Beyond the threats to the civic space, an additional legislation targeted at NGOs and CSOs will pile up regulatory burdens and bureaucratic bottlenecks, stifling the enabling environment for doing business in Nigeria even further. These regulatory burdens leave organisations with less time and money for their actual charitable and advocacy activities. The bigger organisations, especially the international ones, with fatter bottom-lines and connections in high places, will definitely find it easier to scale through these hurdles. The hammer of [over]regulation will fall disproportionally on smaller NGOs and indigenous organisations playing important roles as watchdogs of the state and as defenders of human and civil rights.

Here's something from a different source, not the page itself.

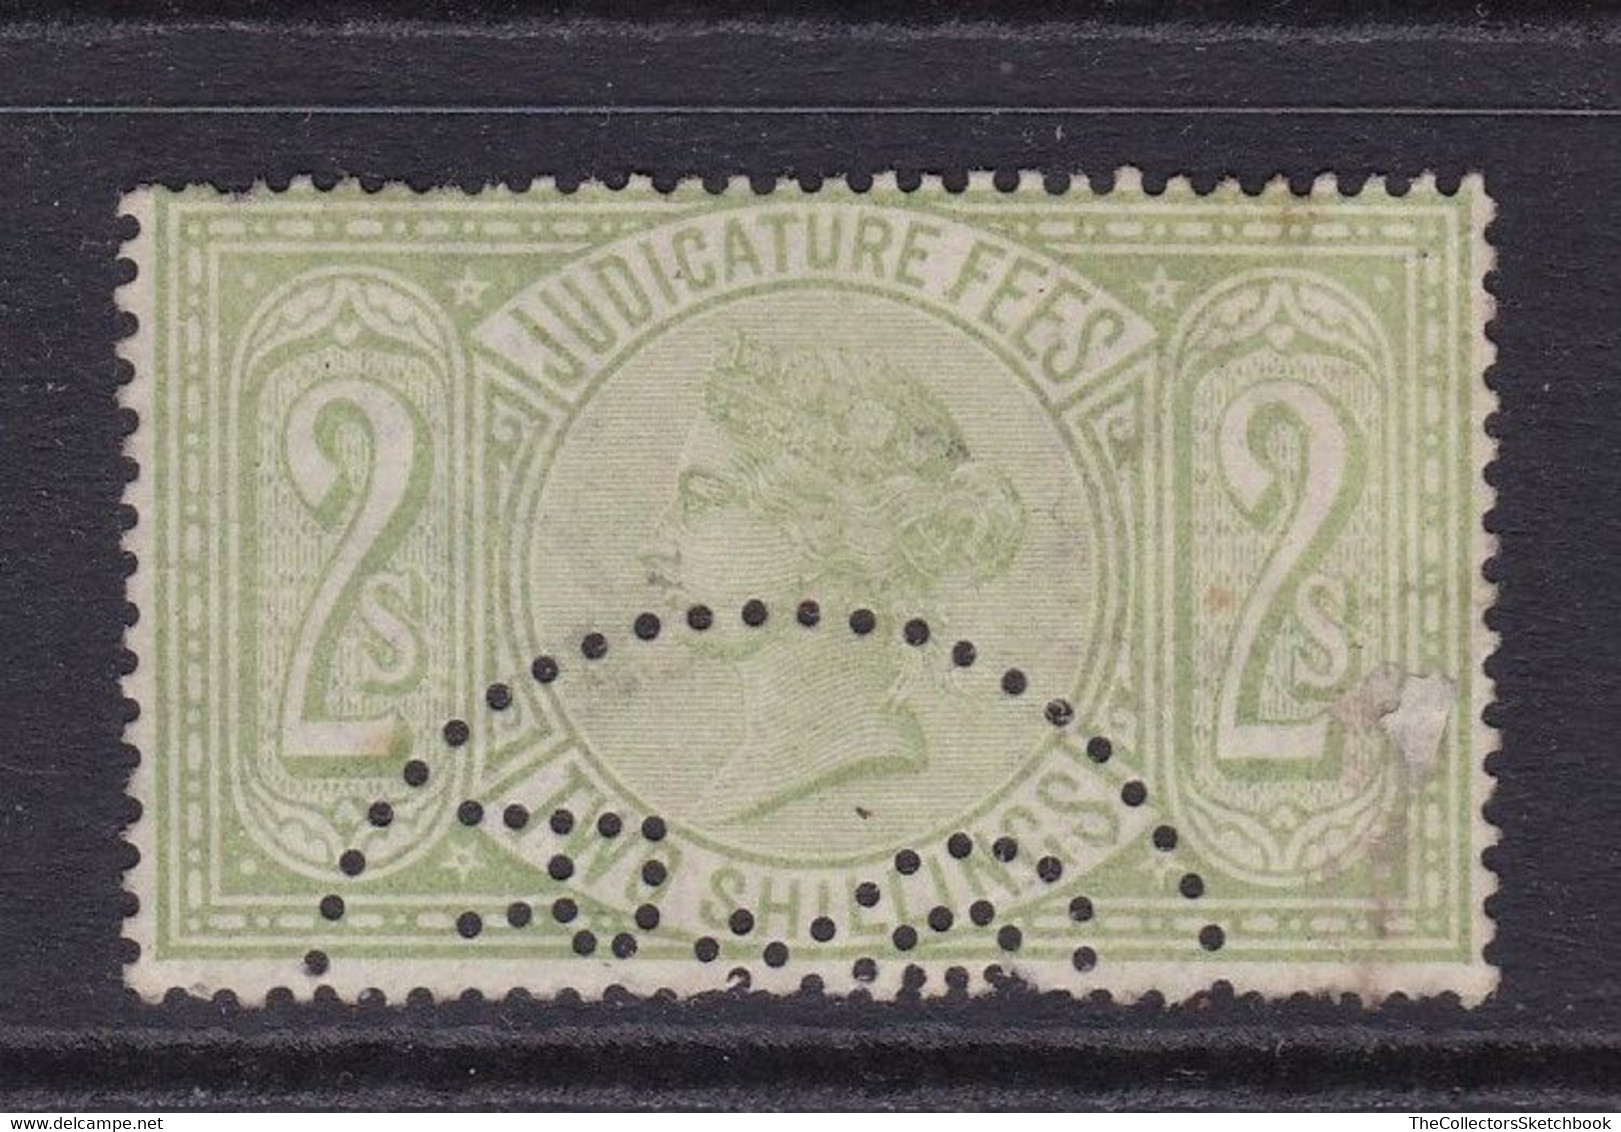 GB Fiscal/ Revenue Stamp.  Judicature Fees 2/- Green Fine Used. Barefoot 35 - Steuermarken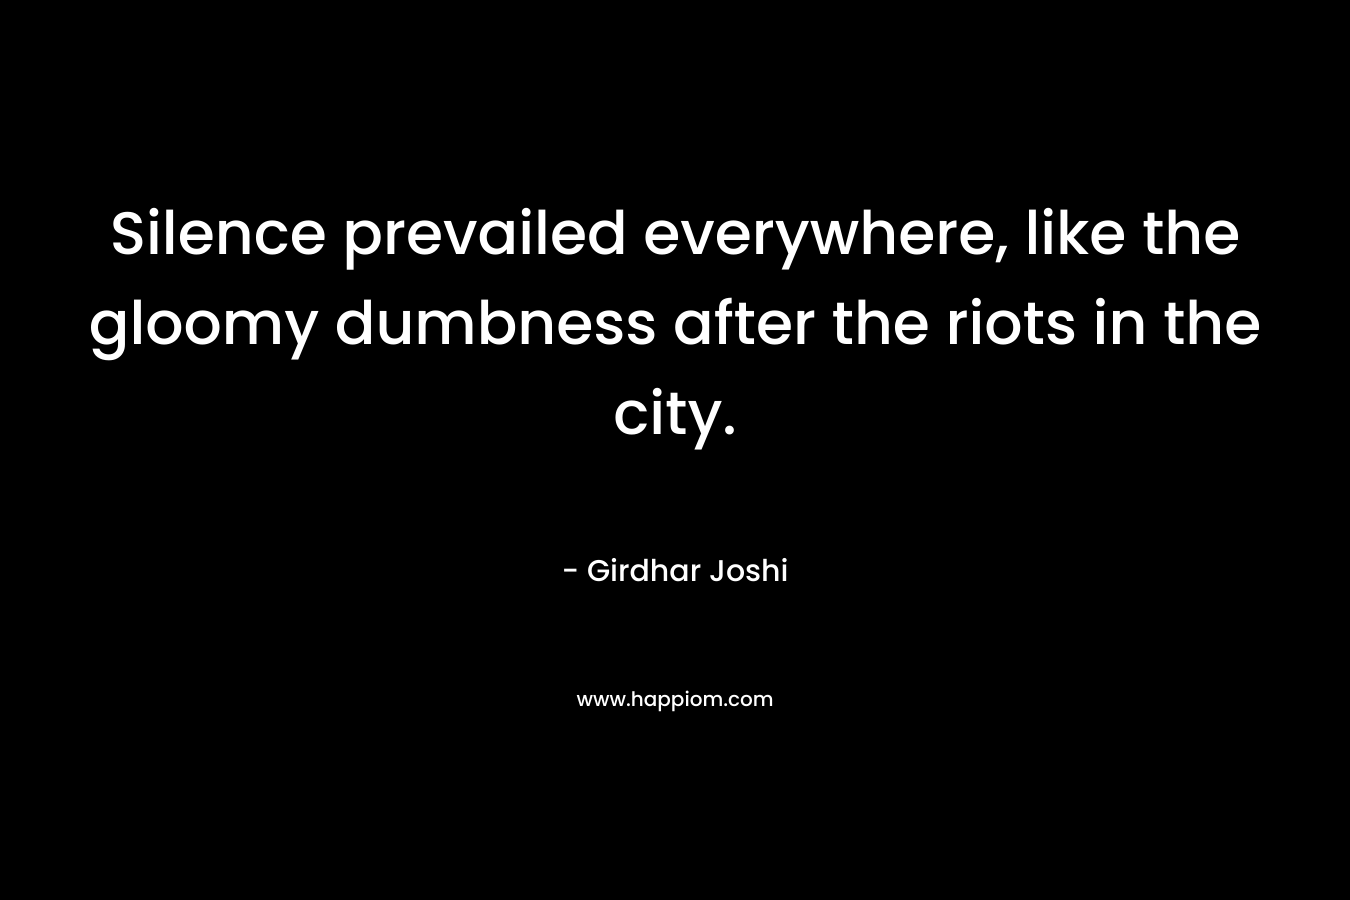 Silence prevailed everywhere, like the gloomy dumbness after the riots in the city. – Girdhar Joshi

What do we do next? The NGO Bill is an unnecessary distraction and should be thrown out. It needs to be emphasised that the proliferation of laws does not necessarily translate into effective regulation of the sector. In addition, NGOs face no risks other corporate entities aren’t exposed to. Not only that, there is no risk civil society organisations and NGOs face that has not been legislated upon or regulated both at the national and global levels. Rather than reinventing the wheel, a robust implementation of existing laws is a more productive path to follow. And this approach should be reinforced by strengthening the investigative, prosecutorial and adjudicative capacities of existing regulatory bodies that exercise oversight over corporate entities.
Victoria Ohaeri is the founder and director of research and policy at SPACES FOR CHANGE.